Manifiesto vindicativo del mar crespo

Después de todo, no queramos un mar por completo domeñado al interés llano de los hombres. Dejémoslo estar según lo veía Juan Ramón: desorden sin fin, hierro incesante. El mar no ha de tener caminos dibujados, porque en su superficie se borra cualquier traza, ni tiene por qué sernos bonancible. Si el tránsito en las aguas fuera espontáneo y natural, como echarse a caminar campo adelante, ni el aislarse tomaría idea y nombre de las islas, ni se habría acuñado por contraste ante el riesgo de zozobra la expresión aliviadora «tierra firme». 

El mar es siempre ajeno. Ningún hogar definitivo hay asentado en las corrientes. Toda navegación concluye en el arribo a puerto, y quien desde la costa otea el horizonte no busca otro mar, sino otra costa. No hay faros que guíen en la noche hacia las zonas abisales, donde un ser querido, manteniéndose a flote, espere al fatigado pescador. Marear sin rumbo es disparate, y la consulta de estrellas, astrolabios y brújulas a manera de guías es de todo punto necesario para quien ha partido y espera, por supuesto, regresar. 

Porque siempre es ajeno, el mar puede sernos hostil sin proponérselo. Hay que mantener la cautela ante el posible zarpazo de las aguas violentas, y tener siempre a mano el transmisor cuando el barco se aleja océano adentro, y atender al sistema semafórico de las tres banderas cuando el bañista nada mecido por las olas de la playa. Con gran prosopopeya –en su doble sentido–, de alguien muerto en su seno decimos que el mar se lo llevó. No hay tal, pues sería achacarle instintos homicidas, y el mar está a otra cosa.

El mar está a sí mismo. Transcurridos milenios desde la primera vez que se zarpó, en él ha abierto el hombre rutas comerciales, en él ha guerreado, a su través ha descubierto y ha colonizado continentes, por encima ha inventado una trama de líneas que se cruzan y le dan orientación, y ha delimitado también, surgidas de la nada, jurisdicciones que se proyectan desde tierra, fronteras que en un mapa político del mundo no se advierten porque la enorme masa de agua sigue, pese a todo, coloreada de un azul impertérrito. 

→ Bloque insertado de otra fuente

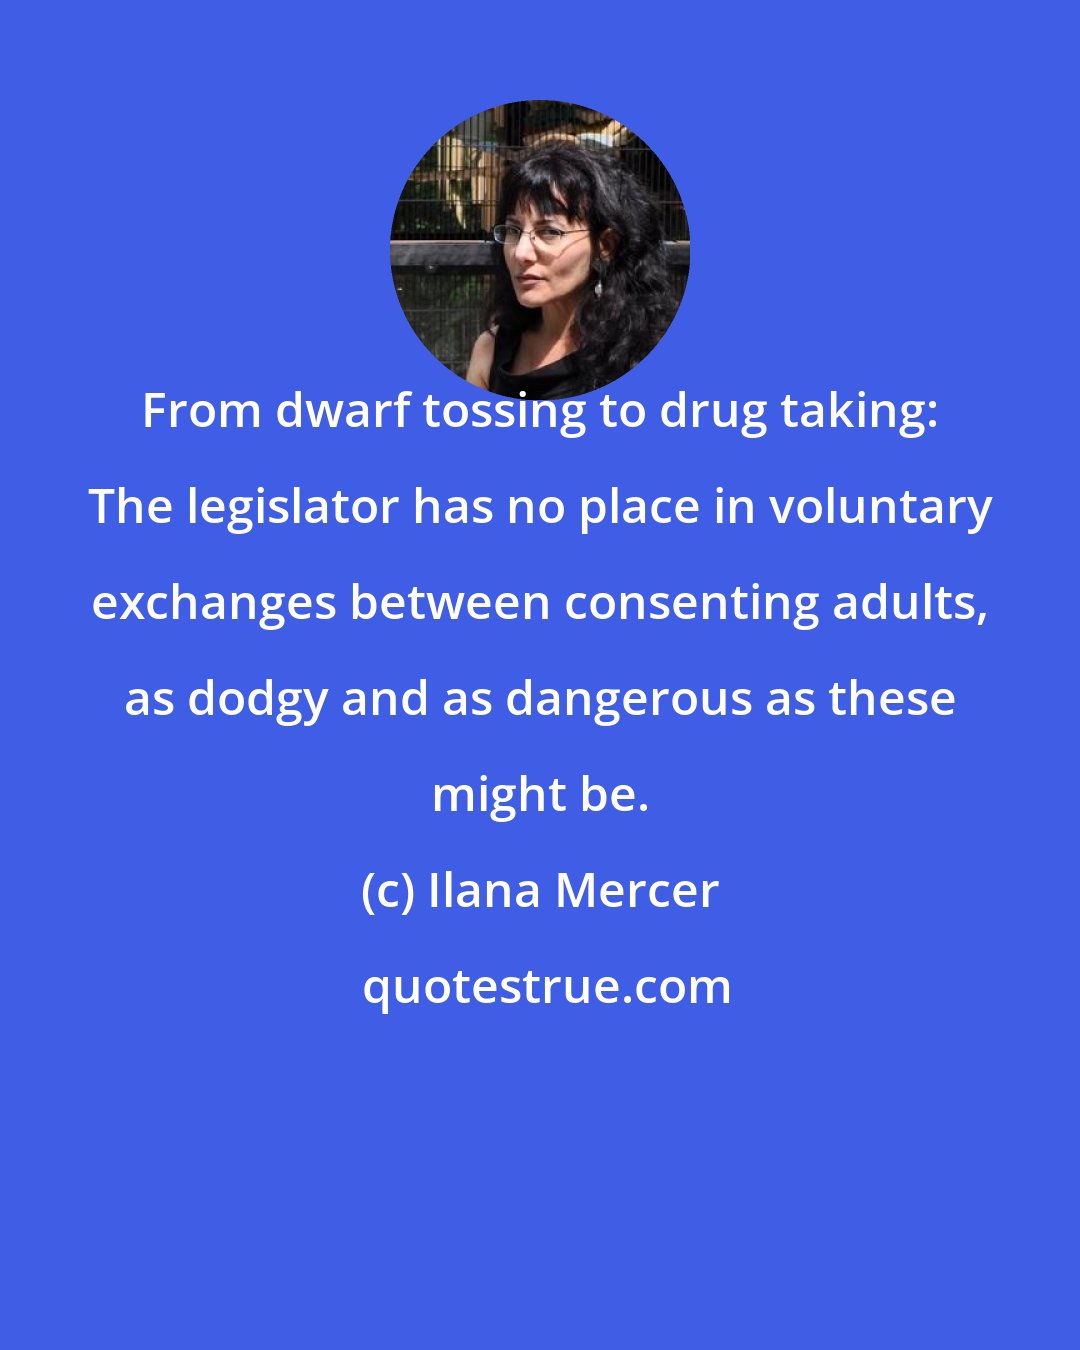 Ilana Mercer: From dwarf tossing to drug taking: The legislator has no place in voluntary exchanges between consenting adults, as dodgy and as dangerous as these might be.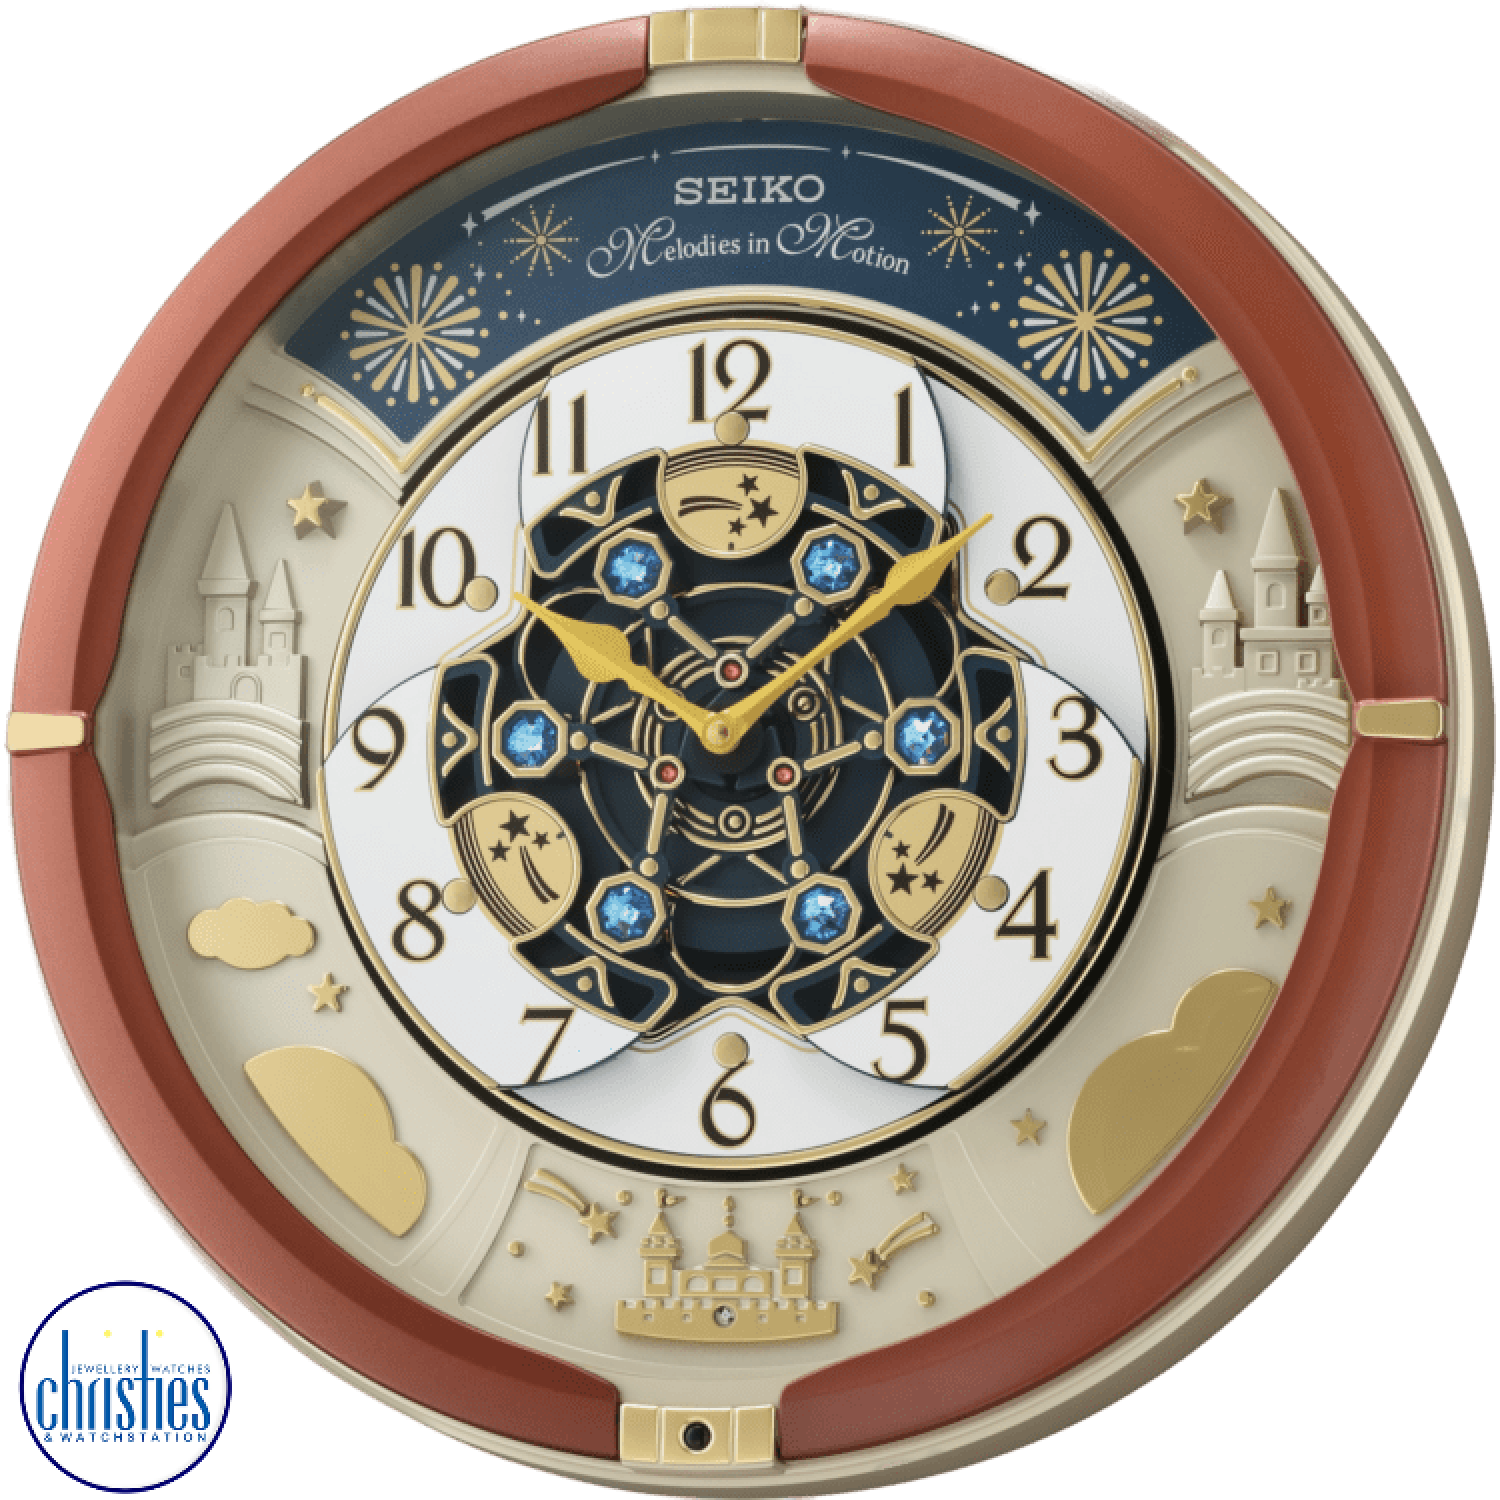 QXM378-B Seiko  Musical Motion Wall Clock. The Seiko QXM378-B Melodies In Motion clock is a stunning timepiece that combines functionality and style.

Y, sin embargo, el mar solo se gobierna. El mar con sus oscuras leyes de vaivén, con sus flujos, con su rumor de enorme animal varado en sus propias aguas, testigo primero del mundo, cansado animal salobre de eternidades fatigosas. Cuando el mar se embravece, algo colosal y a la vez íntimo está ocurriendo, algo como una rebeldía impotente que sólo puede, que sólo sabe estallar en un alocado fragor de espumas. Oscuramente, el mar crespo está expresando su soberbia, incomprensible libertad.